The principal and I discuss some of my points of contention (him, a little red faced and explanatory, me a little red faced but firm) with the video…he nods his head sagely and I leave with a little notebook full words and phrases that would have gotten me kicked out of my little private school… Later, I talk with my girl-friend who was in the “Growing-Up Girls” program. She is shocked by what I have relayed to her and says that the girls program was mainly about feelings and hormones and the basic changes. She said that the only mention of reproduction came when the narrator says that “male sperm can fertilize the female egg resulting in a baby”, but all helpful tips (and full color diagrams) on how this is actually unfolds are left to the viewers imagination and the parents discretion (imagine that).

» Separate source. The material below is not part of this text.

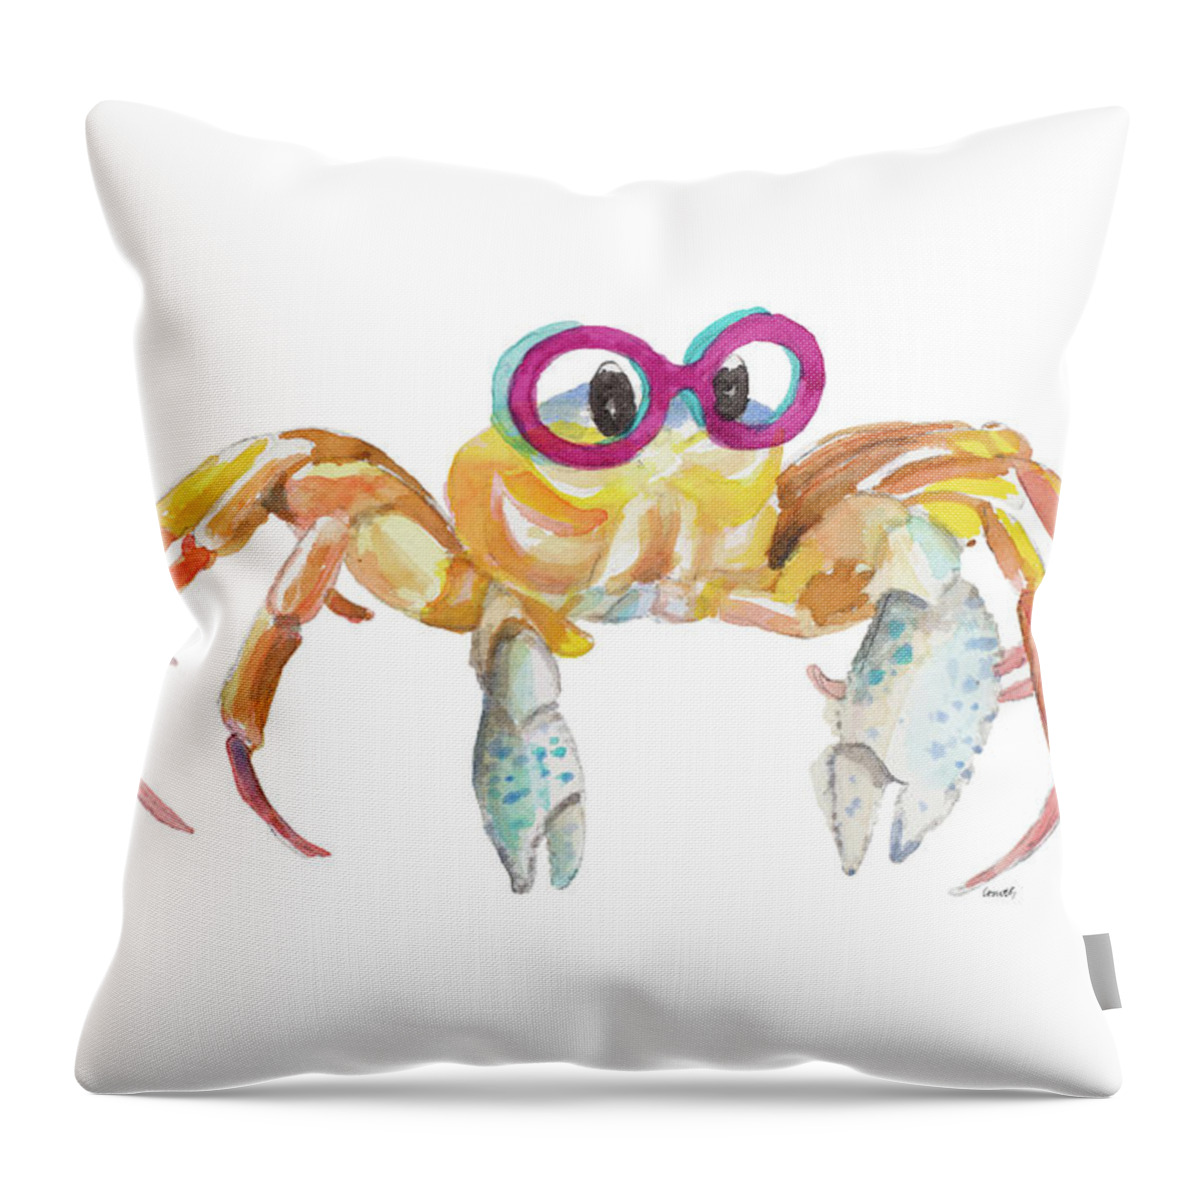 Crab Throw Pillow featuring the painting Crab With Glasses by Lanie Loreth

I came home and relayed all the info to my husband. After going over my notes, he asked simply…”Gee, if this isn’t sex ed, what’s next…handing out copies of the Kama Sutra?” I have since spoken again with the principal and have most vehemently not given my PERMISSION for our son to view this program. He said he understands and that after viewing the program again (with a lone woman in the room) he thinks he will amend next year’s letter to the parents letting them know that the “Growing-Up Boys” program may have more sexual content in it than it’s female counterpart, and encourage parents to view this material before their sons see it….GEE…WHAT A NOVEL IDEA!
Well, I’m off to the library now…I’m pretty sure I have a full day of more colored diagrams and note taking in my future.